I first realized something was strange on February 20th when I saw a report on ABC News – the only TV coverage to date in which Fouchier allowed cameras inside his lab. In the report Fouchier said 100% of his animals got infected, and 100% died. I was startled – if true, this was a significantly more dangerous microbe not only than what he had described in Malta, but more terrifying than any virus every found on Earth. I reached out immediately to ABC News and begged them to get back to Fouchier for clarification. They did, and ABC Producer Bruno Roeber spoke with Fouchier. On February 23 Roeber sent back word that Fouchier agreedthat he had spoken of 100% ferret death, “But he now says that while the ferrets died it was not when they caught the virus via aerosol ‘Only upon ‘high dose intratracheal challenge, we see death.’ This is a distinction her never made in conversation with [correspondent] Jeffrey or me. In fact, we never heard about intratracheal challenge in any conversation with him.”
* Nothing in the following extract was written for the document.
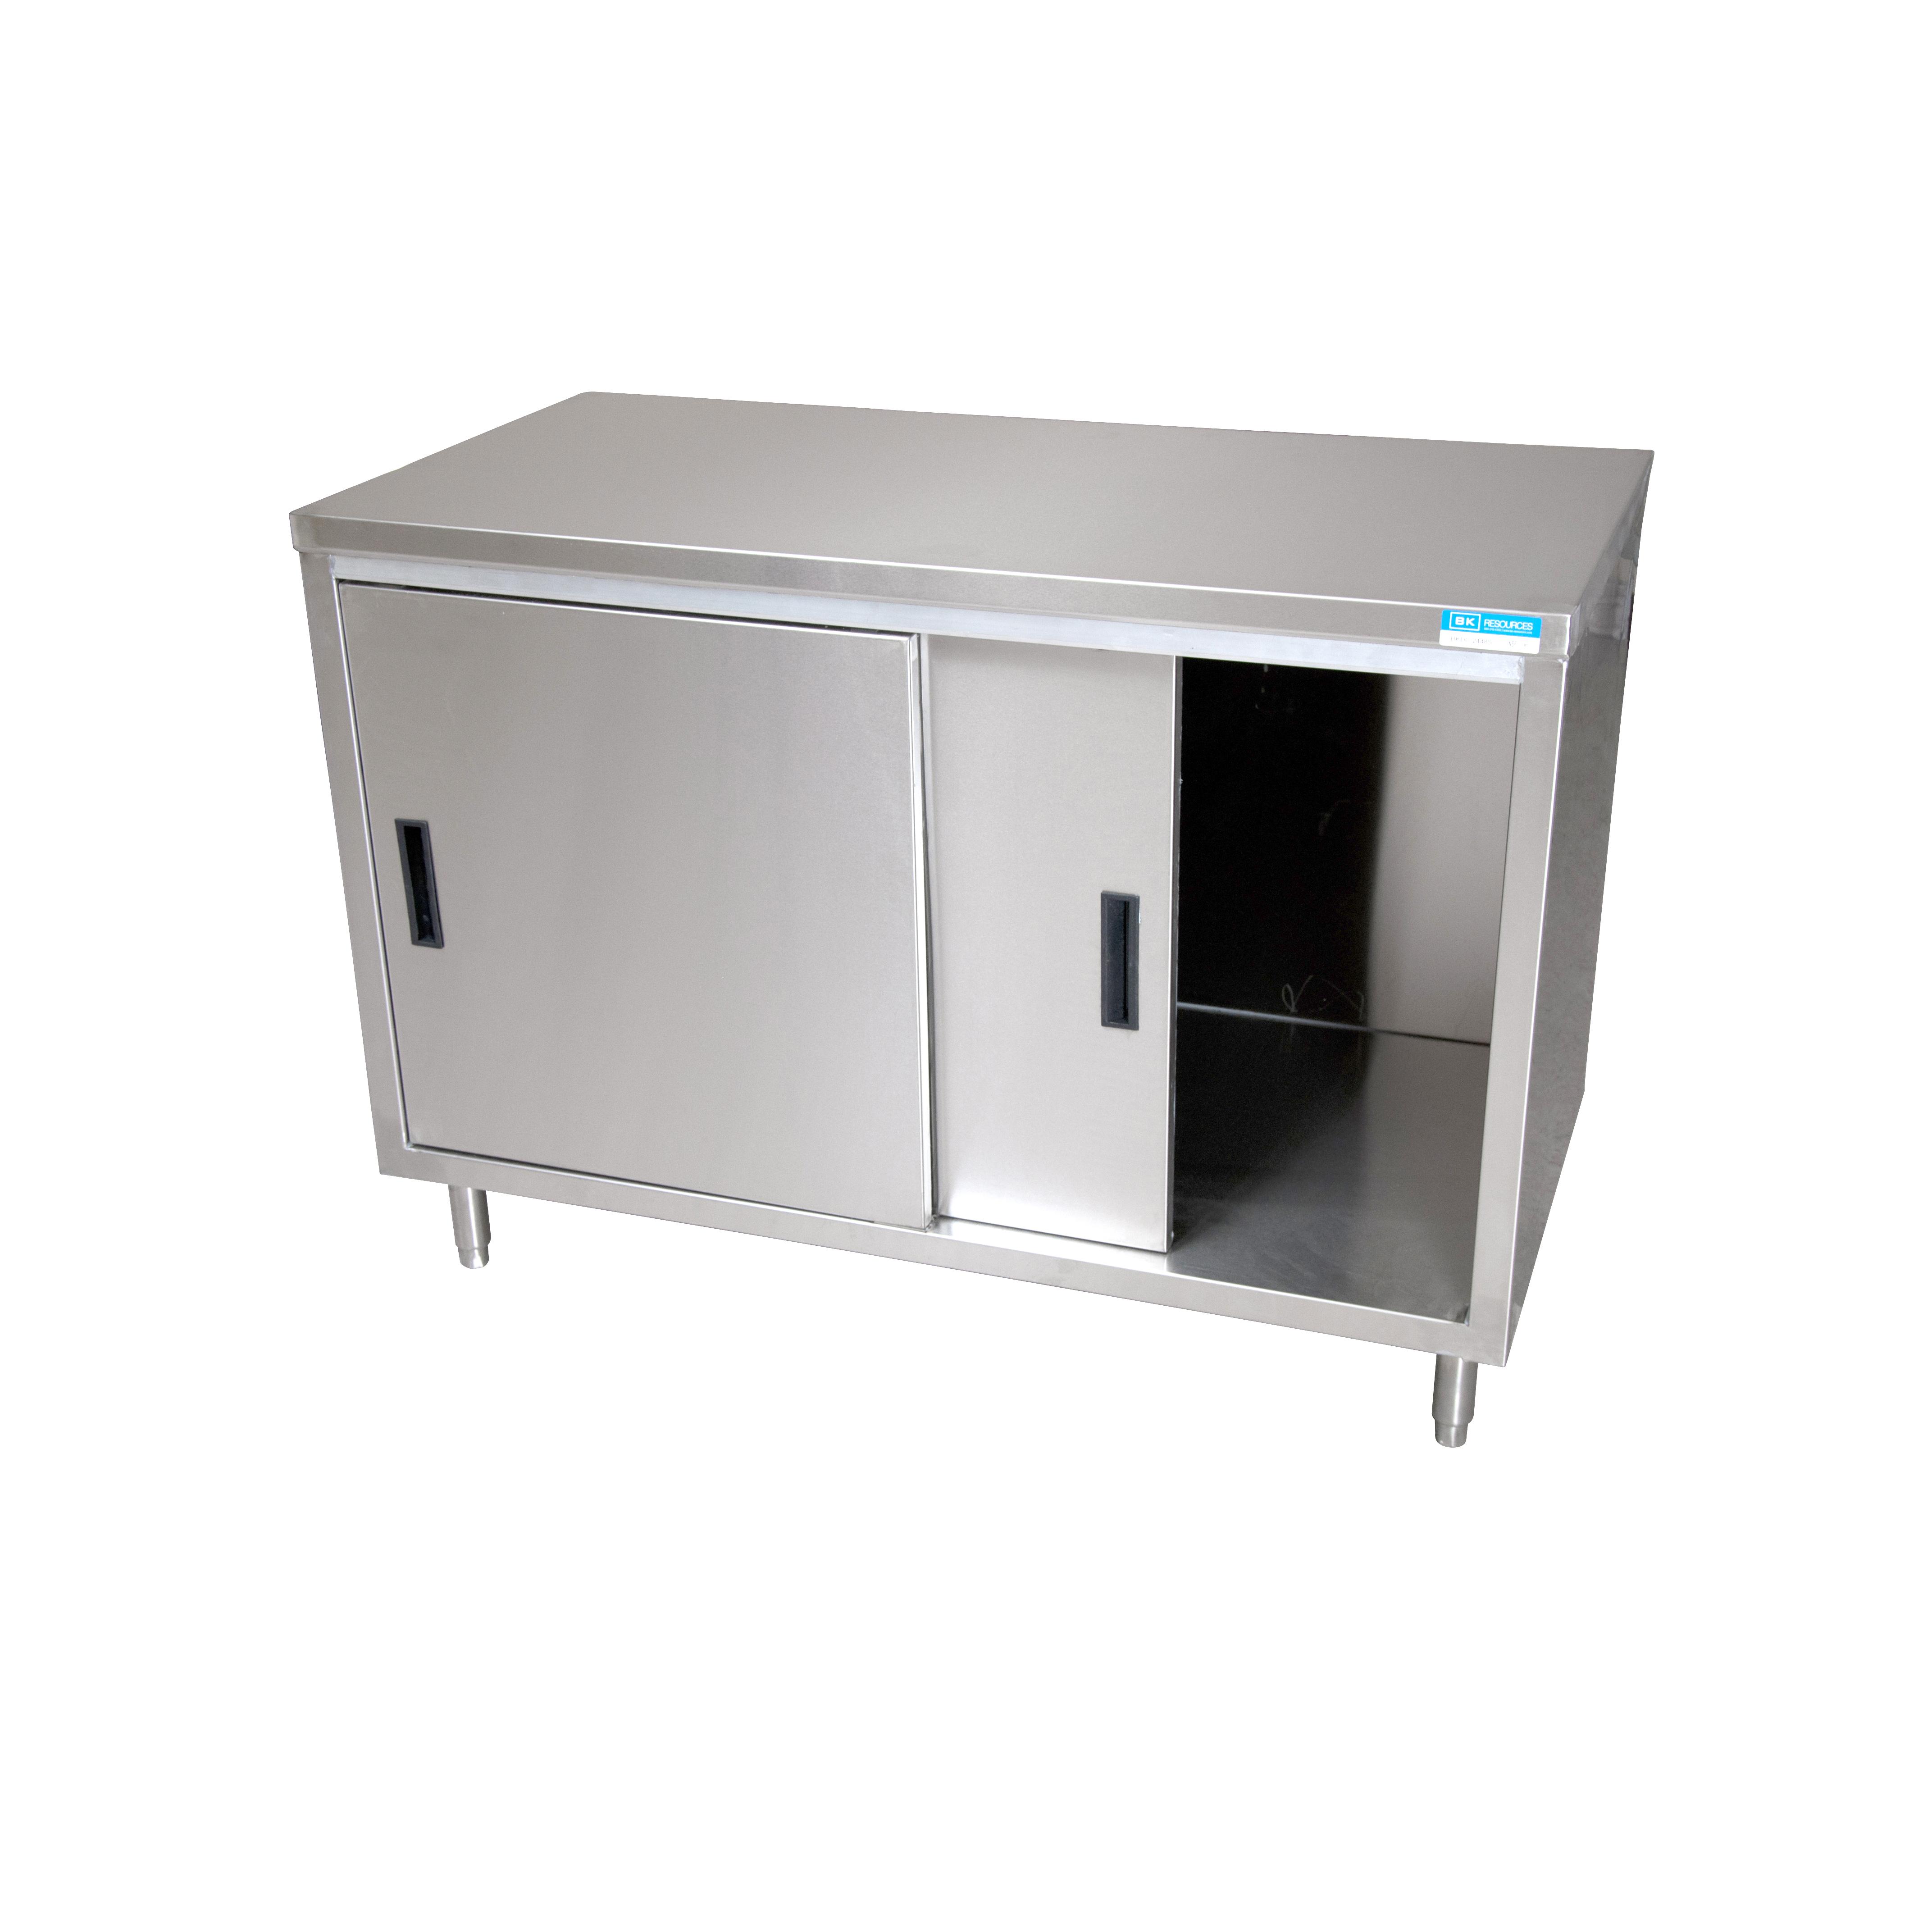 BK Resources BKDC-2448S work table, cabinet base sliding doors

Measuring the shedding of virus from infected animals – a common way to determine an animal’s likelihood or spreading disease – Fouchier conceded that the original wild Indonesian H5N1 caused more ferret shedding than his mutated strain did. I live tweeted this key set of points as follow (hash marks and such removed) from the ASM meeting:

  • Compared 2 Indonesian viruses, one wild H5N1, one changed thru reverse genetics, 3 mutations made. Ferrets in cages.
  • Wild H5N1 not spread ferret- to -ferret between cages. Mutant form -- spread to 3 of 4 ferrets via sneezing. Repassage it:
  • On repassage get 100% spread betwn ferrets via sneezing. "Now know which mutations necess. 4 transm. between ferrets"
  • Amt virus shed by infected ferrets MUCH lower with H5N1 compared to 2009 H1N1 flu. Airborne spread NOT kill ferrets
  • Ferrets only die from mutant H5N1 if virus admin'ed into trachea in high dose. Aerosol exposure causes mild flu
  • Insists mutant H5N1 not dangerous "very few humans would develop severe disease" Should work continue? "Yes"
  • Fouchier: blames the media for "misperceptions" and "distortions". Need to publish in full to clear up what really happened

The CDC flu team used the methods is seems Fouchier deployed but reached opposite conclusions regarding pandemic potential – or the opposite of what Fouchier originally said about pandemic potential.
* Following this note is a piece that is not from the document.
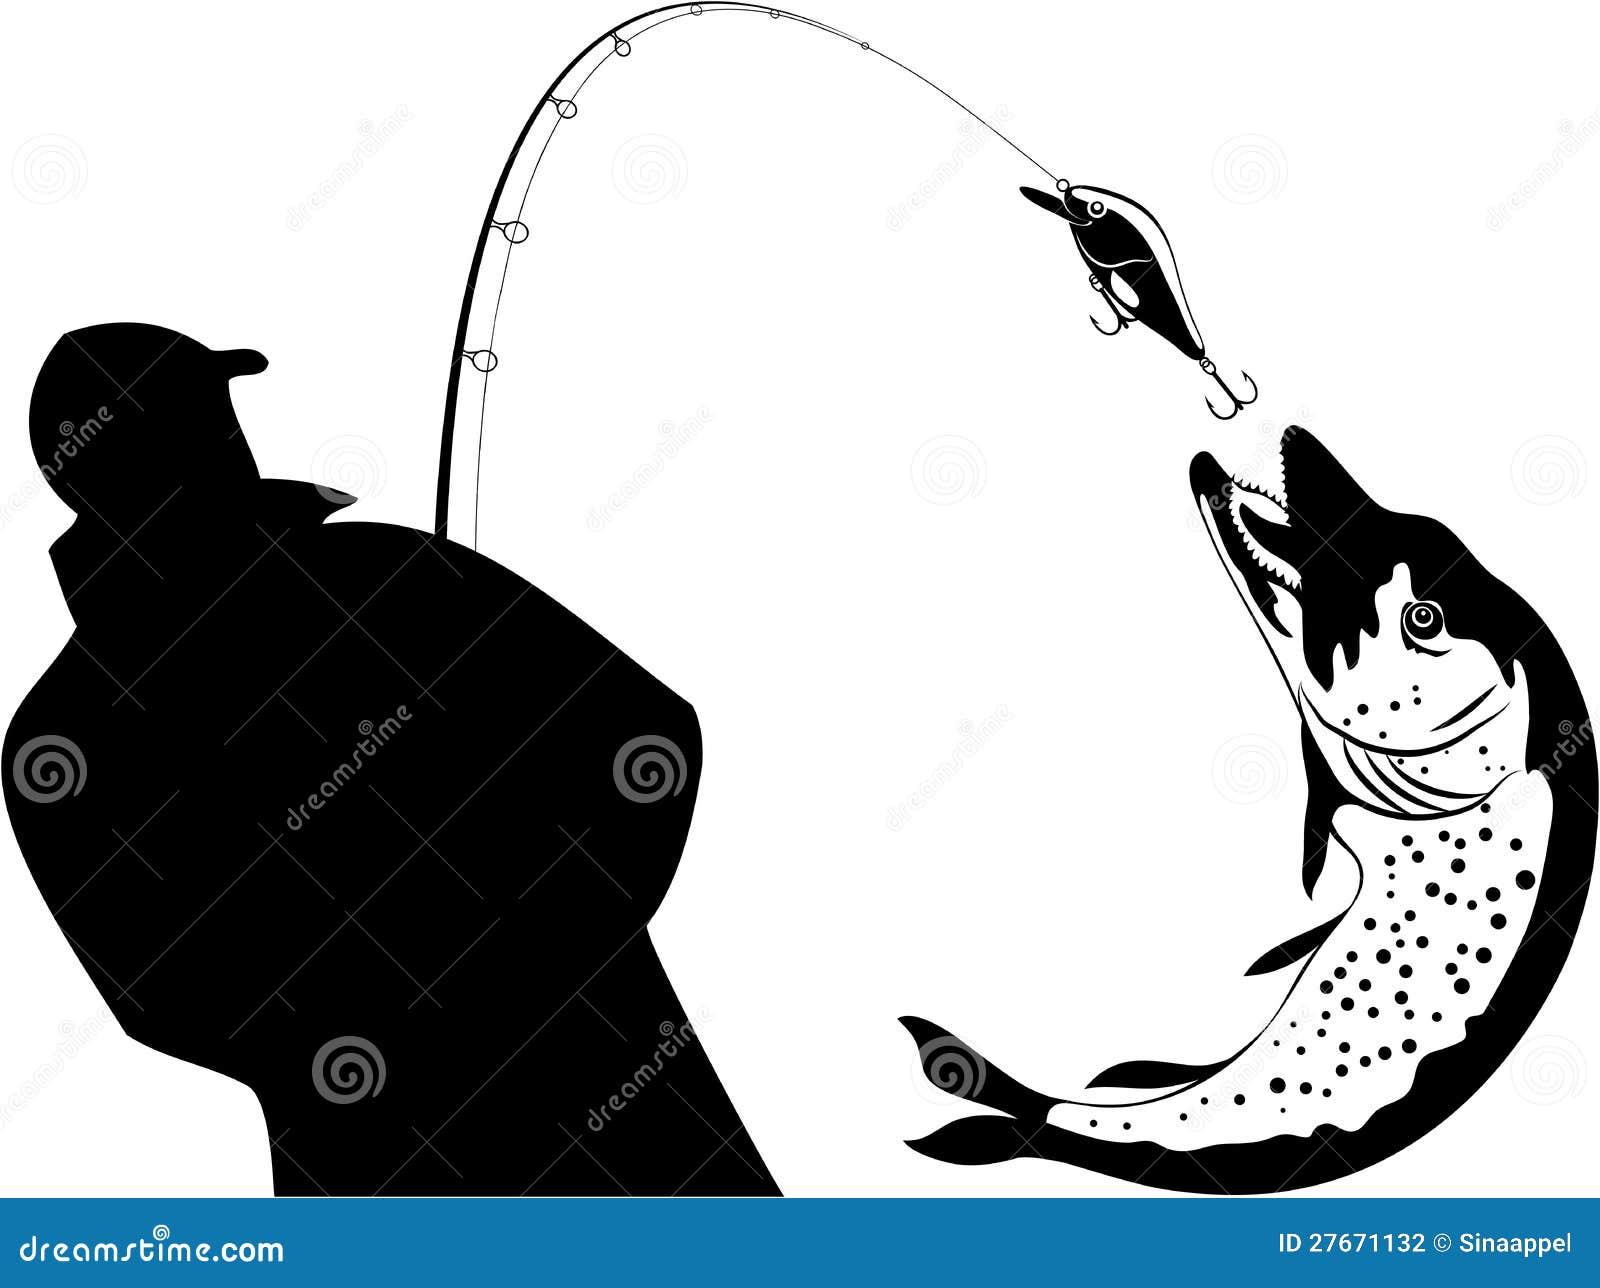 Fishing, Fisherman And Pike, Vector Illustration Stock ...

Congressman Sensenbrenner, we have many times warned that the stakes in this debate go far beyond whether or not Drs. Fouchier and Kawaoka should publish full details regarding their experiments. At this point we have no choice but to support full disclosure, simply to find out the truth, as the spin and experimental sagas keep changing.

But political pressure should now be applied to ensure that this debate gets out of the clutches of the flu cabal, and that decisions reached by government authorities – in the US, Scandinavia, Netherlands, EU and the rest of the world – not simply deal with the H5N1 virus. As we have noted in past articles and blogs since November, biology is in the midst of a spectacular revolution. Fantastic things are happening with synthetic and DIY biology – most of it absolutely thrilling and worthy of strong support. But it also poses possibilities that go well beyond the comparatively crude scientific methods apparently deployed by Fouchier and Kawaoka – creating risks that policies forged in this flu atmosphere must manage to address.

So, Congressman Sensenbrenner, take a deep breath. And keep asking questions. This entire mess has only just entered Phase Two: bargaining. Phase Three will bring hard ball negotiations and, we hope, solutions.